So, that patch slipped past me. Not only is the parent reference not ours to drop, but
when I went and looked at dlpar_cpu_add() I also noticed that of_node_put() was done on
the parent prior to the call to dlpar_attach_node(). With the addition of "parent" to the
dlpar_attach_node() parameter list dlpar_cpu_add() needs to be fixed up to hold the
"parent" reference until after dlpar_attach_node() returns.

-Tyrel

>
> cheers
>

2017-09-20 21:03:06

by Tyrel Datwyler

[permalink] [raw]
Subject: [PATCH 2/2] powerpc/pseries: fix parent_dn reference leak in add_dt_node()
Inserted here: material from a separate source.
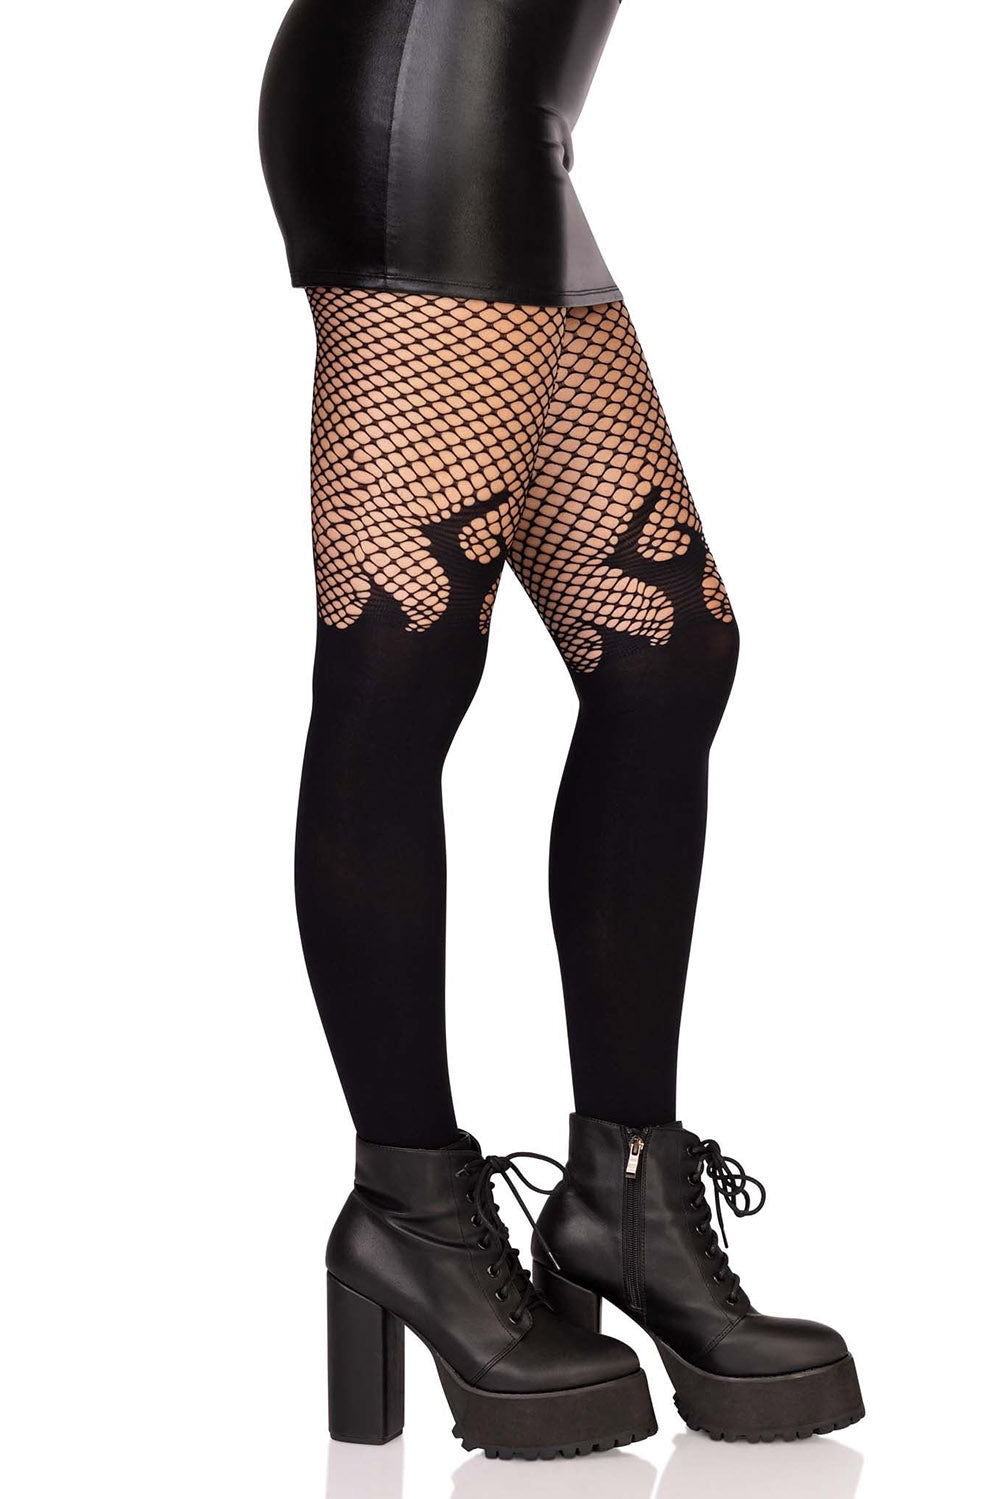 Black Flame Net Plus Size Tights

A reference to the parent device node is held by add_dt_node() for the
node to be added. If the call to dlpar_configure_connector() fails
add_dt_node() returns ENOENT and that reference is not freed.

Add a call to of_node_put(parent_dn) prior to bailing out after a failed
dlpar_configure_connector() call.

Cc: [email protected] # v3.12+
Fixes: 8d5ff320766f ("powerpc/pseries: Make dlpar_configure_connector parent node aware")
Signed-off-by: Tyrel Datwyler <[email protected]>
---
arch/powerpc/platforms/pseries/mobility.c | 4 +++-
1 file changed, 3 insertions(+), 1 deletion(-)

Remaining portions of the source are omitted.